* **Exercise directions**
Verbatim copy, images omitted: return the full listing.

[Collected material Boundary: Start]

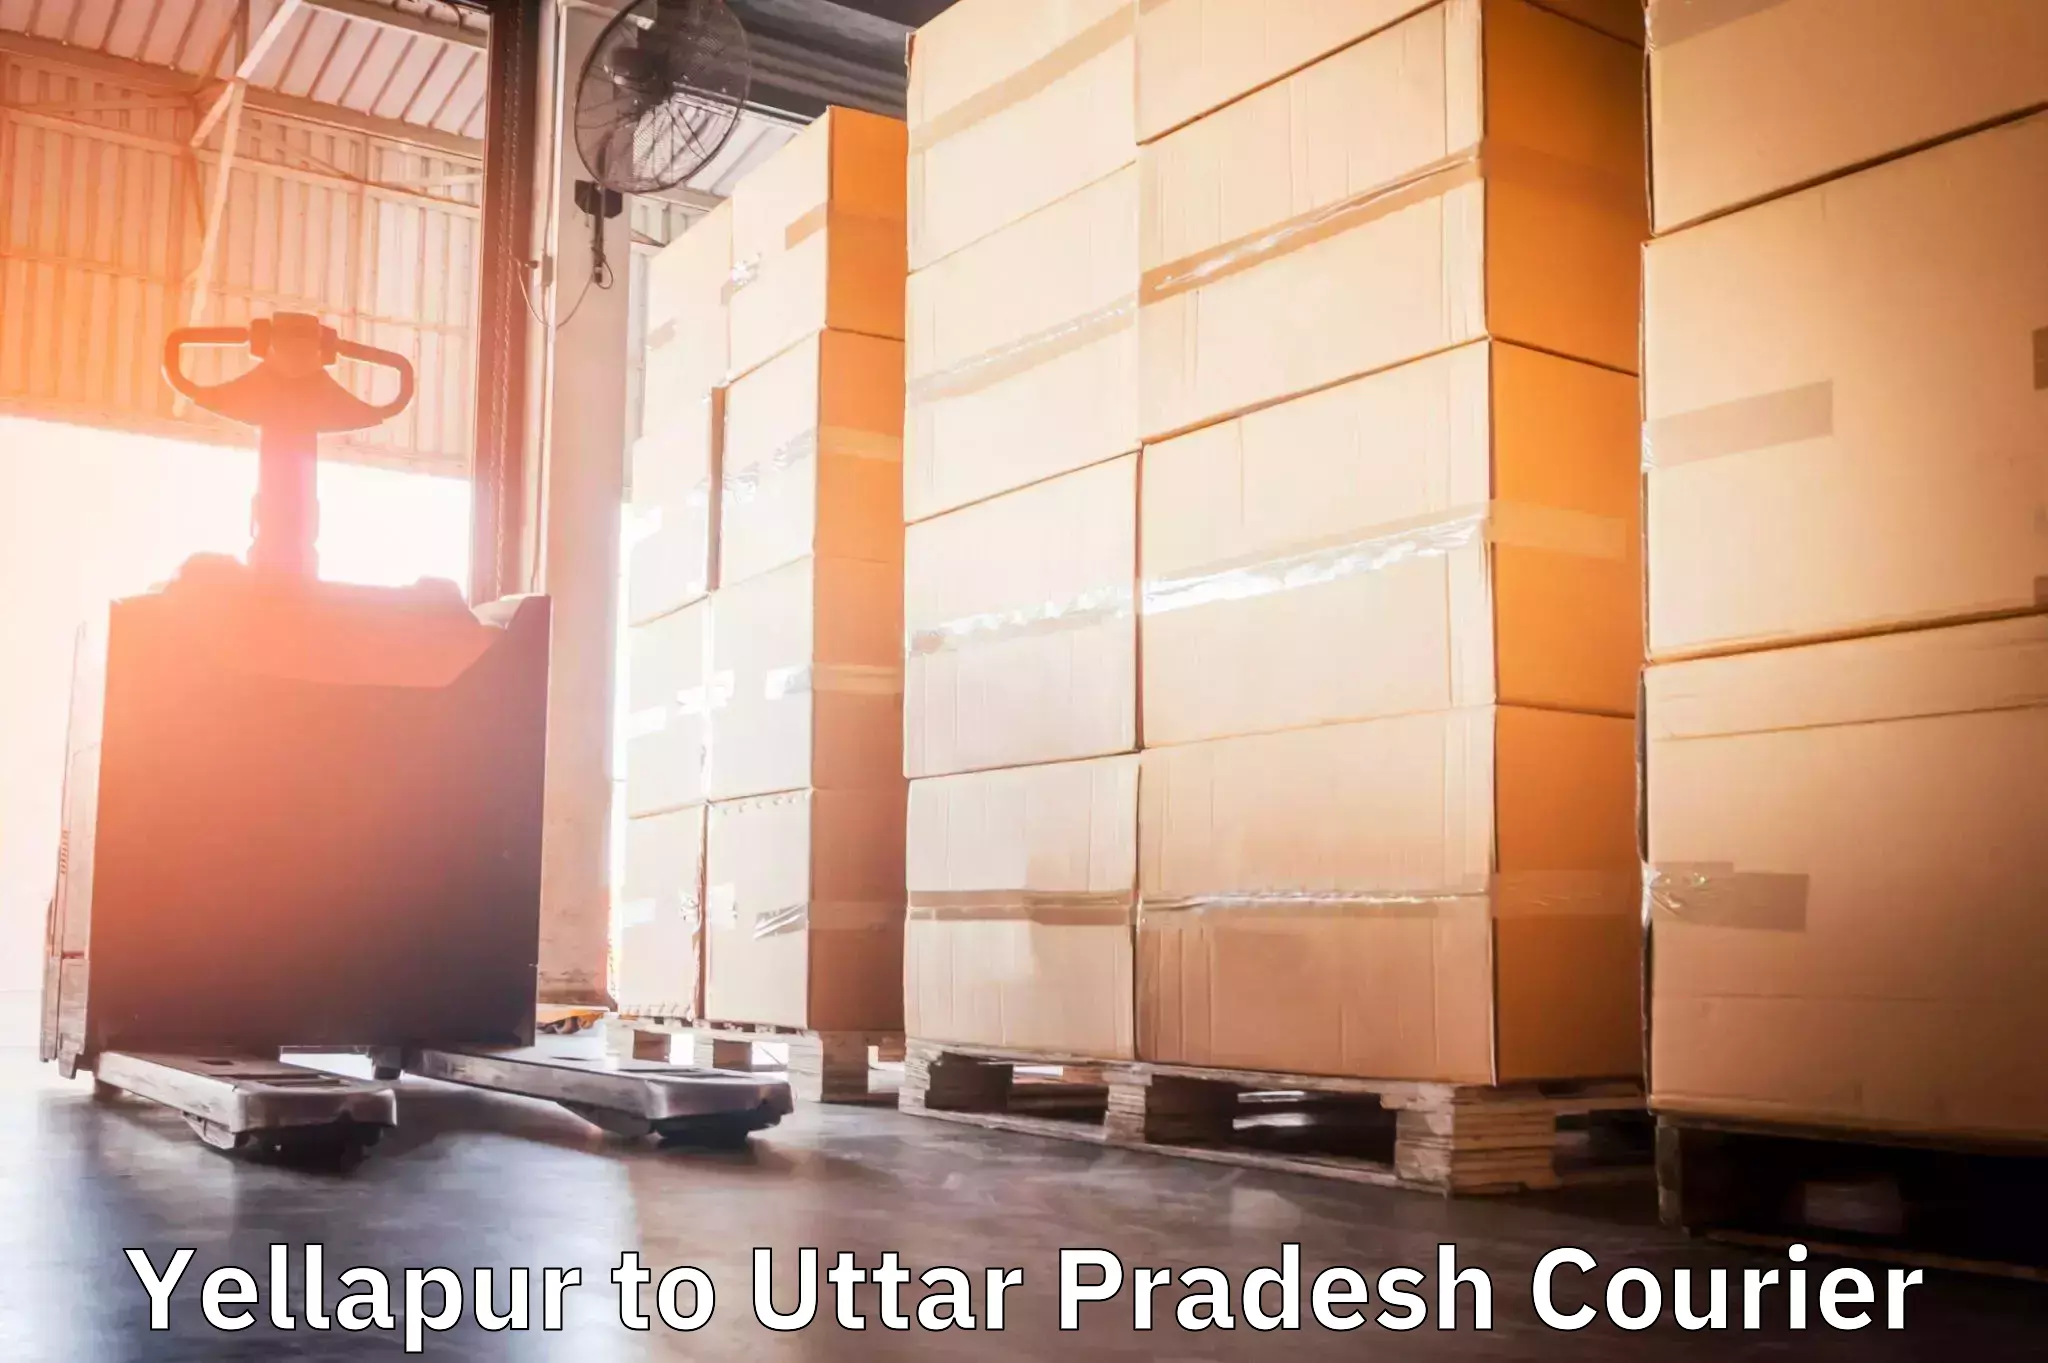 Courier service comparison in Yellapur to Uttar Pradesh
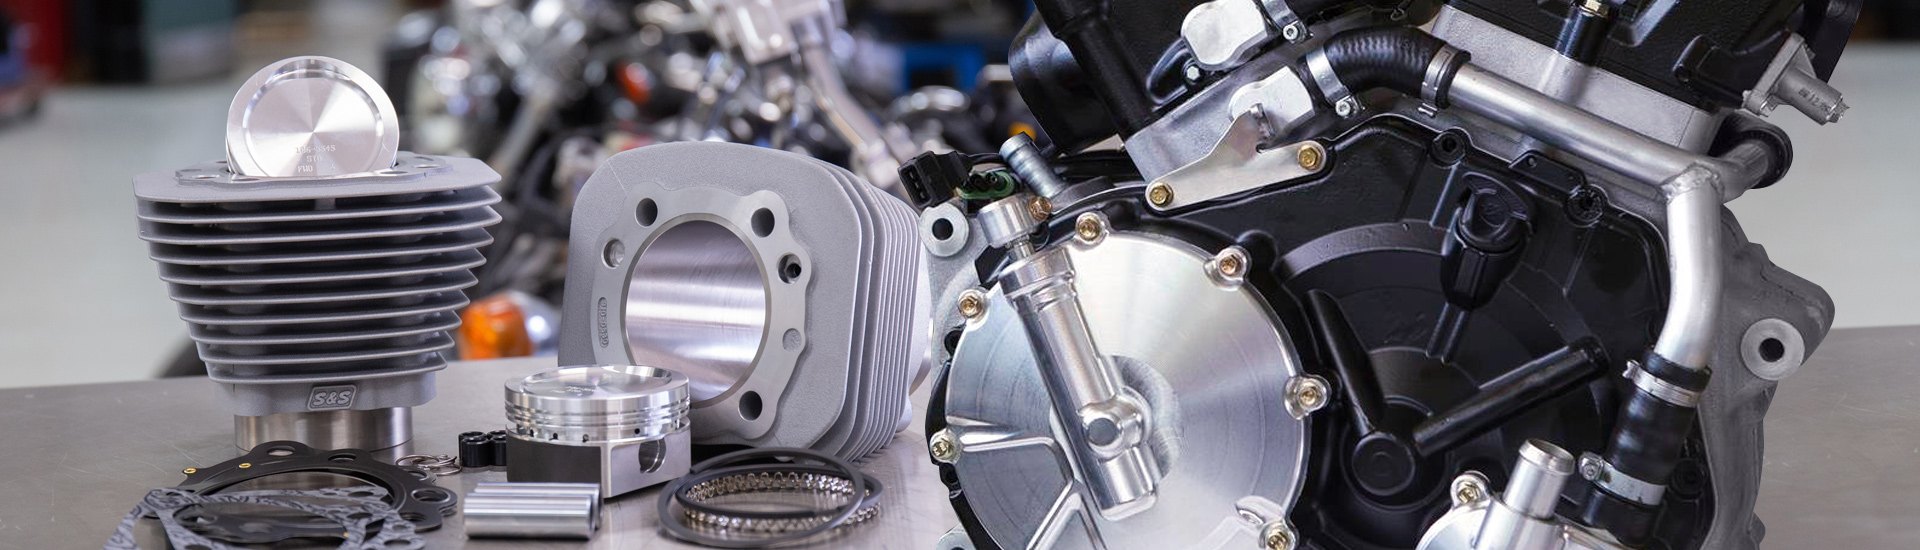 Kawasaki Vulcan 750 Engine Parts | Pistons  Camshafts - MOTORCYCLEiD.com
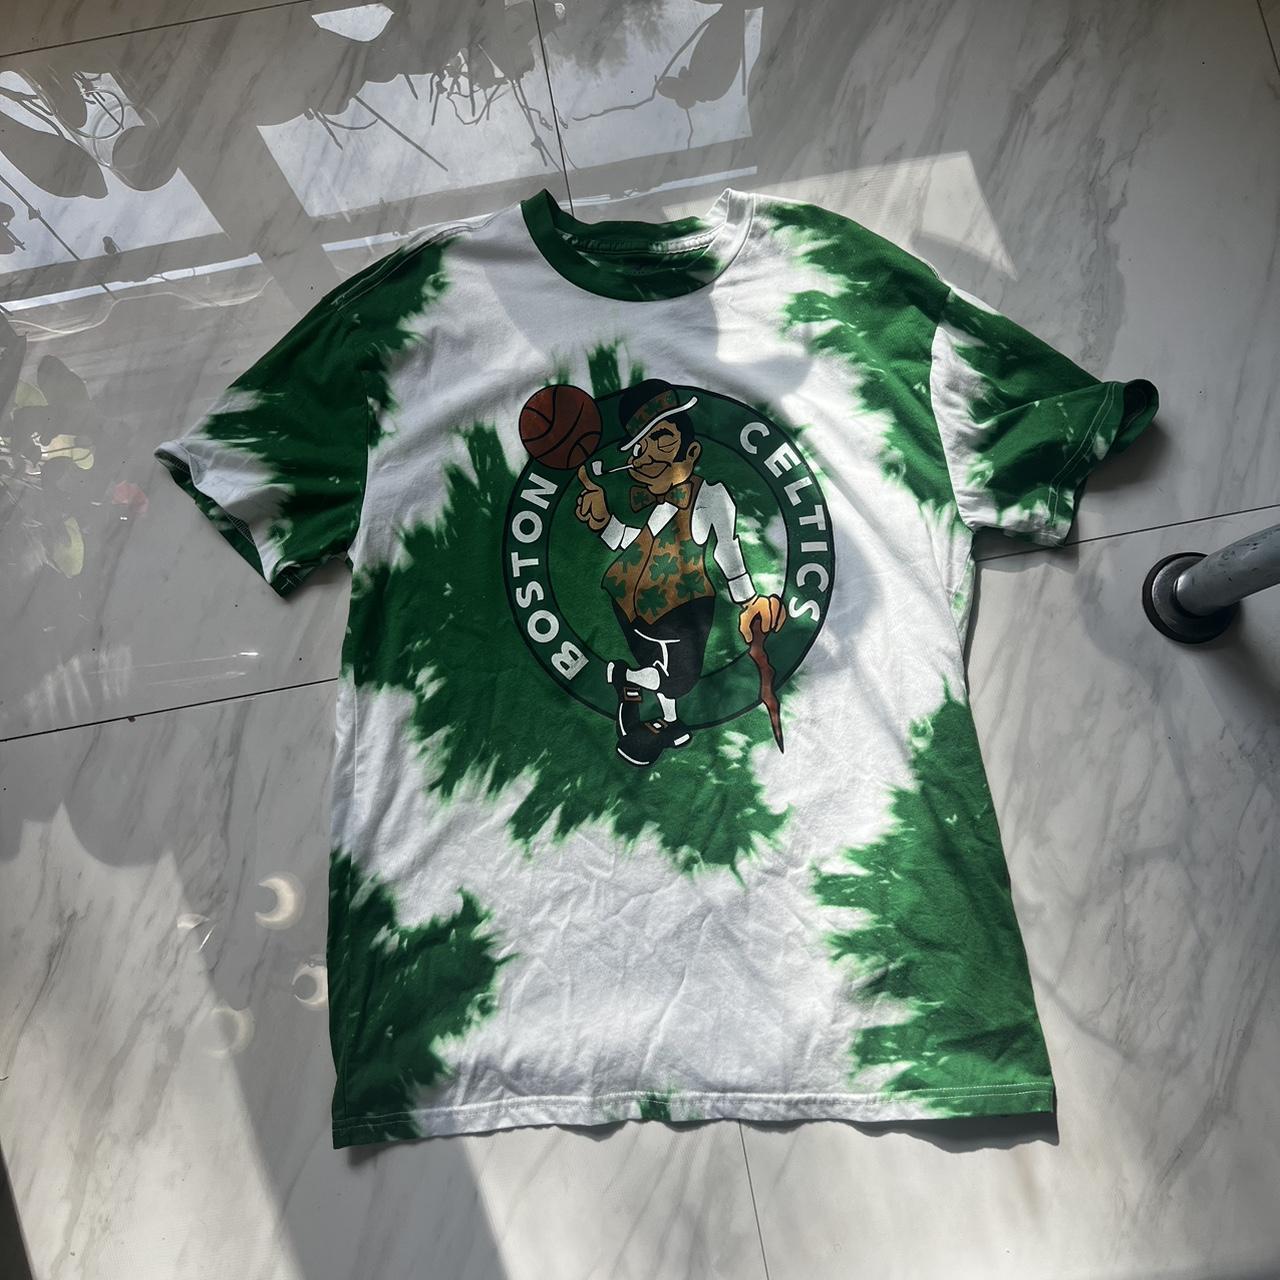 Hollister, Tops, Nba Boston Celtics Tye Dye Tshirt New

[Collected material Boundary: End]

* **Exercise response**
 Courier service comparison in Yellapur to Uttar Pradesh
 Kawasaki Vulcan 750 Engine Parts | Pistons  Camshafts - MOTORCYCLEiD.com
 Hollister, Tops, Nba Boston Celtics Tye Dye Tshirt New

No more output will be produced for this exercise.